**EXERCISE AIM**. Output, exactly and with no pictures, the line that contains "This item does not come with" and every line that comes after it in the data below, the last one included.

EXTRACTED DATA Start Marker

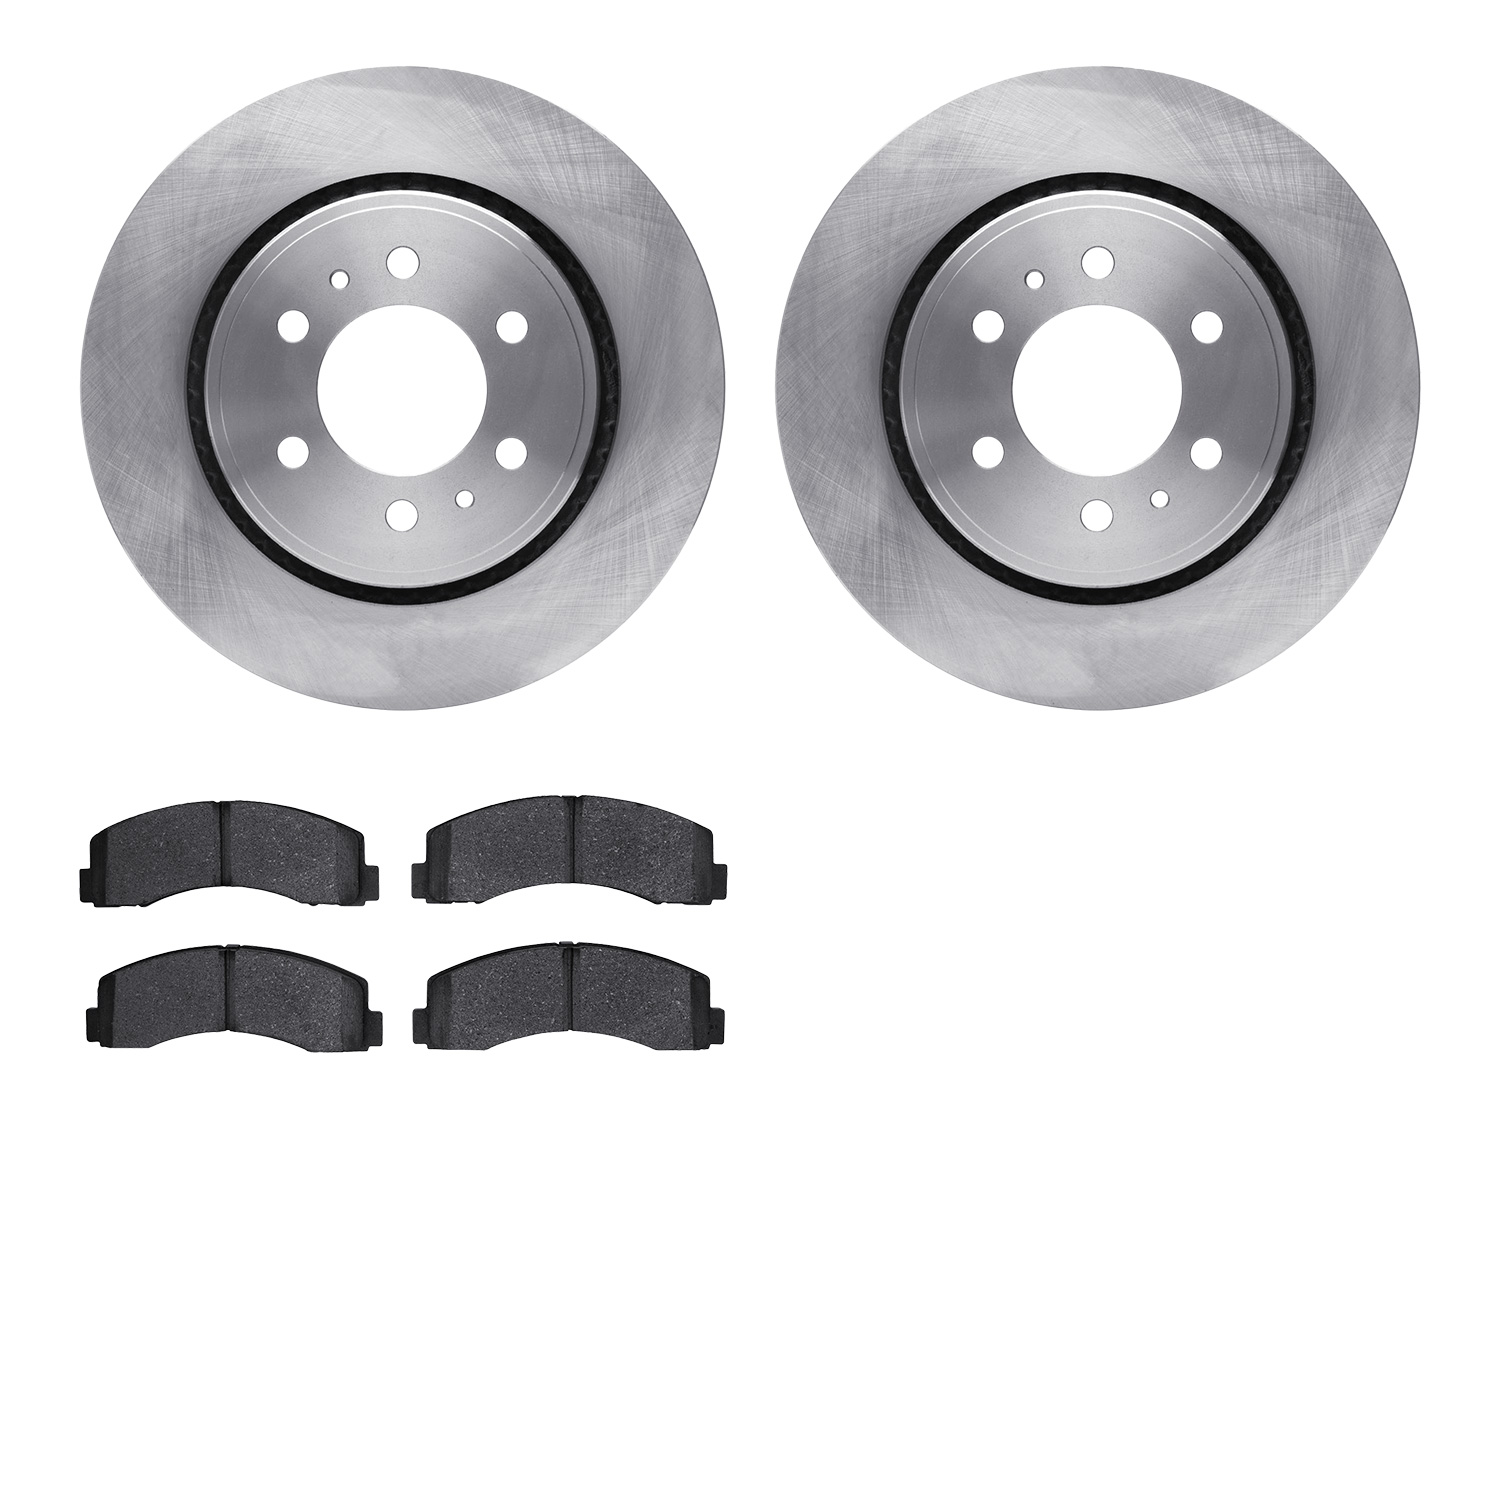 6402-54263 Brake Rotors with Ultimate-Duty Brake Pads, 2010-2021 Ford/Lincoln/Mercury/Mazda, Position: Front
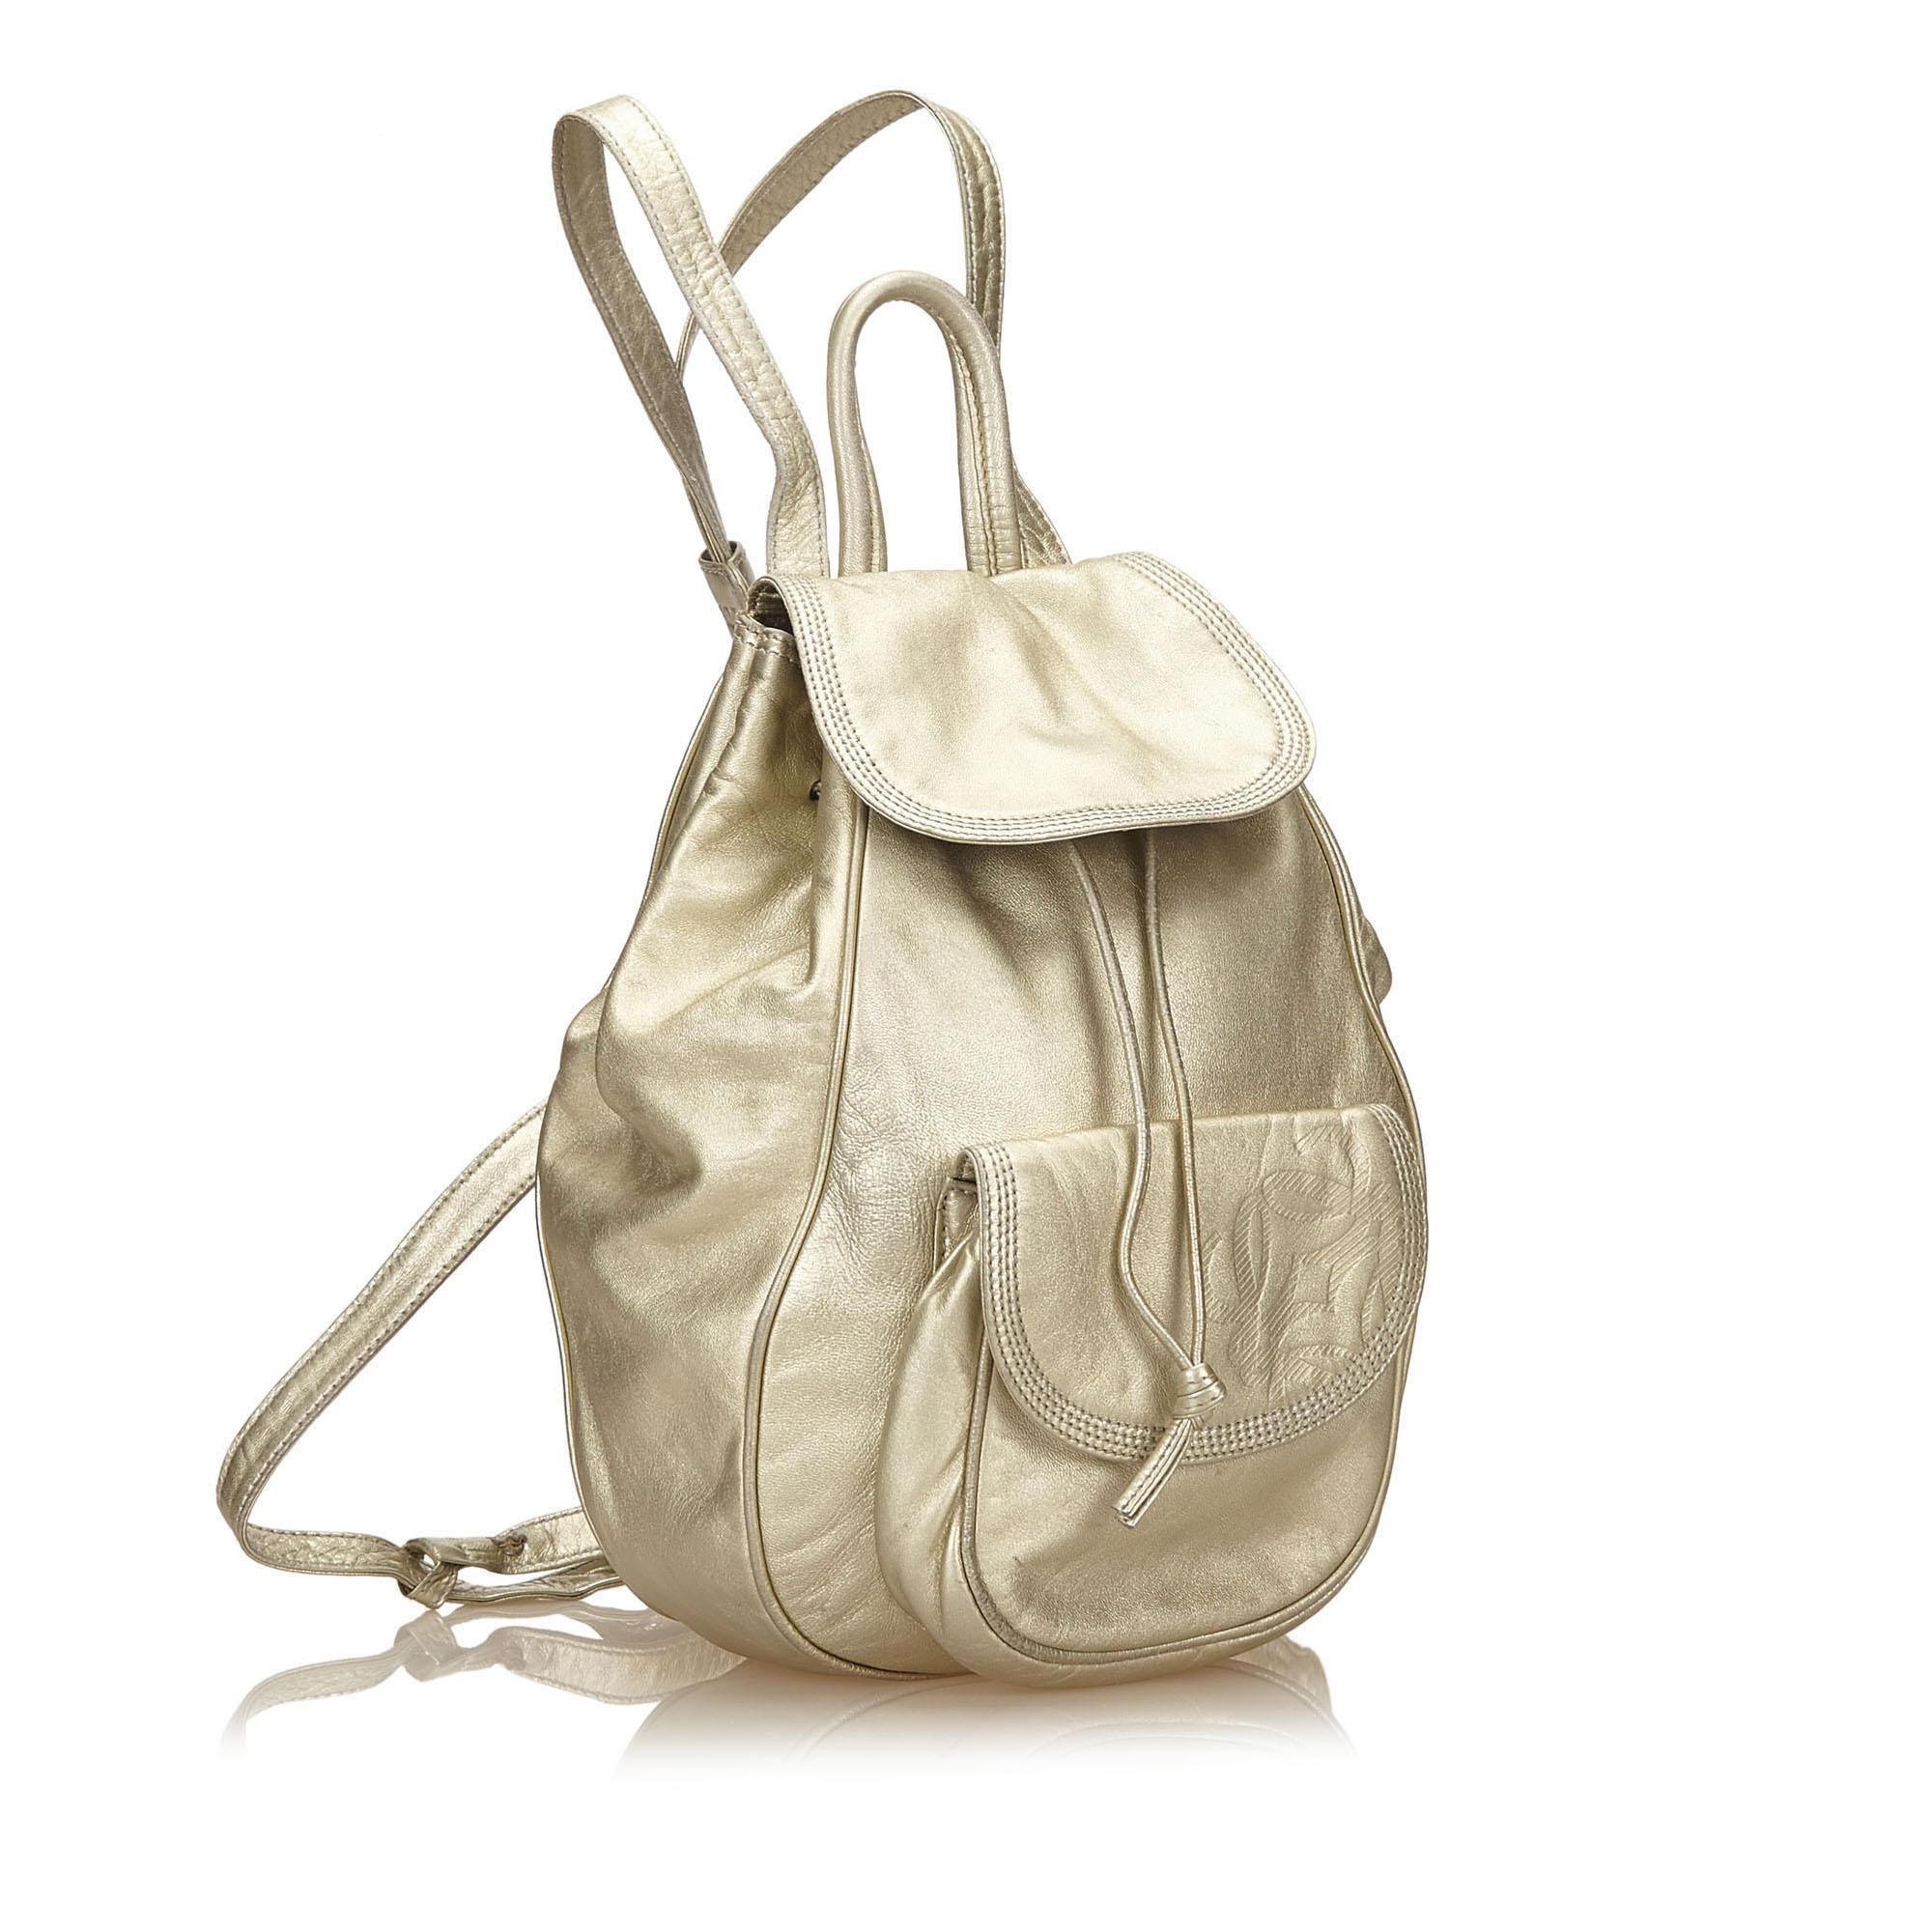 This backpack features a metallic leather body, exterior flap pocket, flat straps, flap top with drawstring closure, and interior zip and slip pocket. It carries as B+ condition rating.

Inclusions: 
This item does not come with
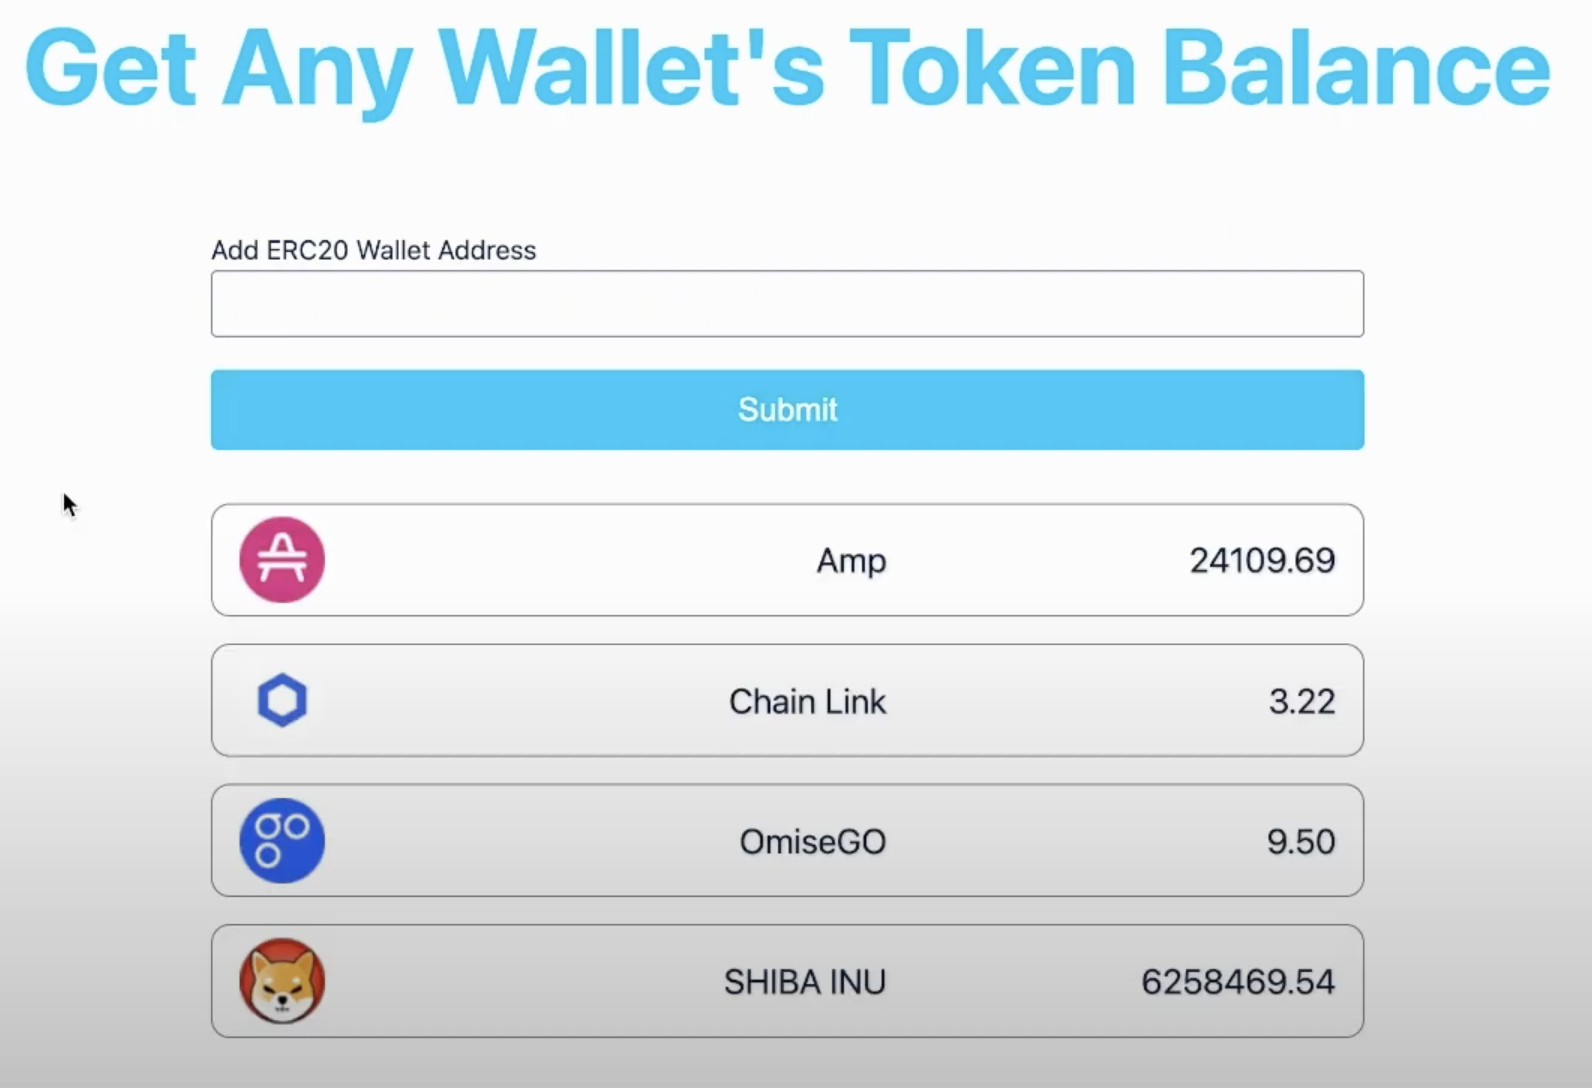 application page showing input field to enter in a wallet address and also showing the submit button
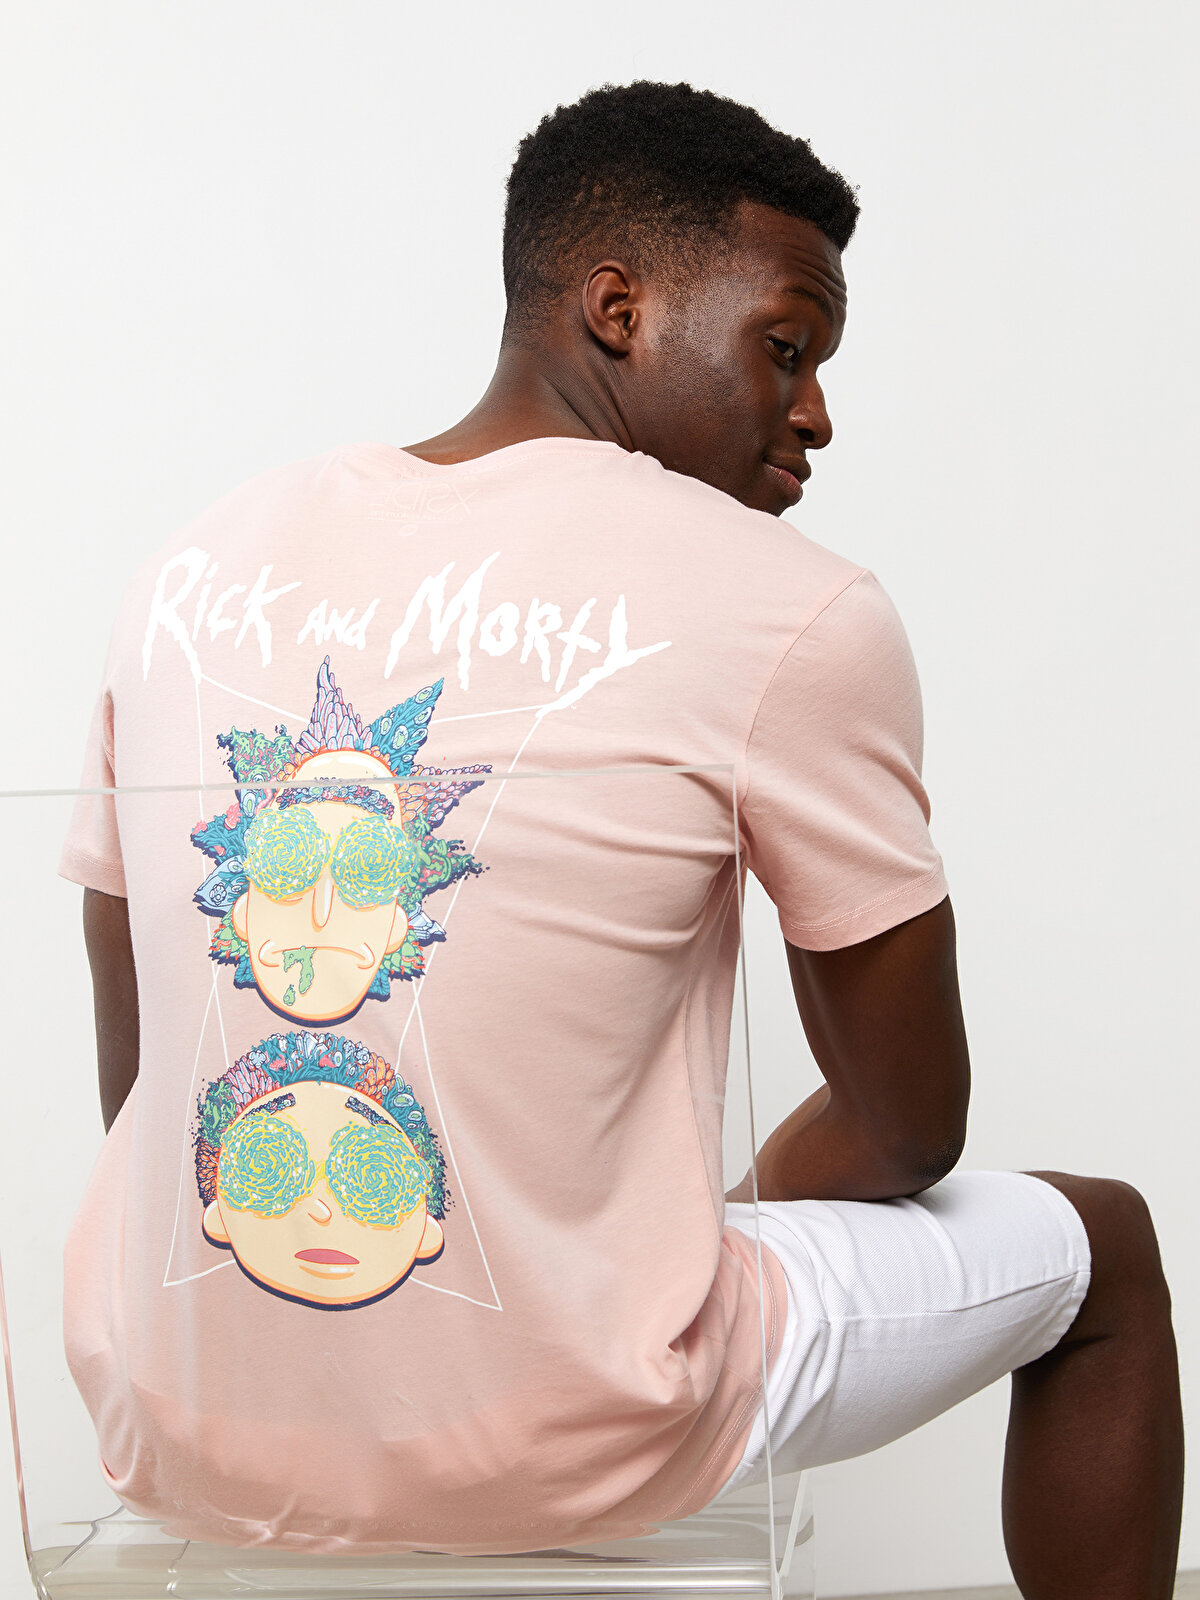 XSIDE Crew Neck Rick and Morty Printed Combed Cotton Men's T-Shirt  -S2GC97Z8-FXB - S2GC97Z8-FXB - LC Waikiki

EXTRACTED DATA End Marker

**EXERCISE SOLUTION**.
This item does not come with
 application page showing input field to enter in a wallet address and also showing the submit button
 XSIDE Crew Neck Rick and Morty Printed Combed Cotton Men's T-Shirt  -S2GC97Z8-FXB - S2GC97Z8-FXB - LC Waikiki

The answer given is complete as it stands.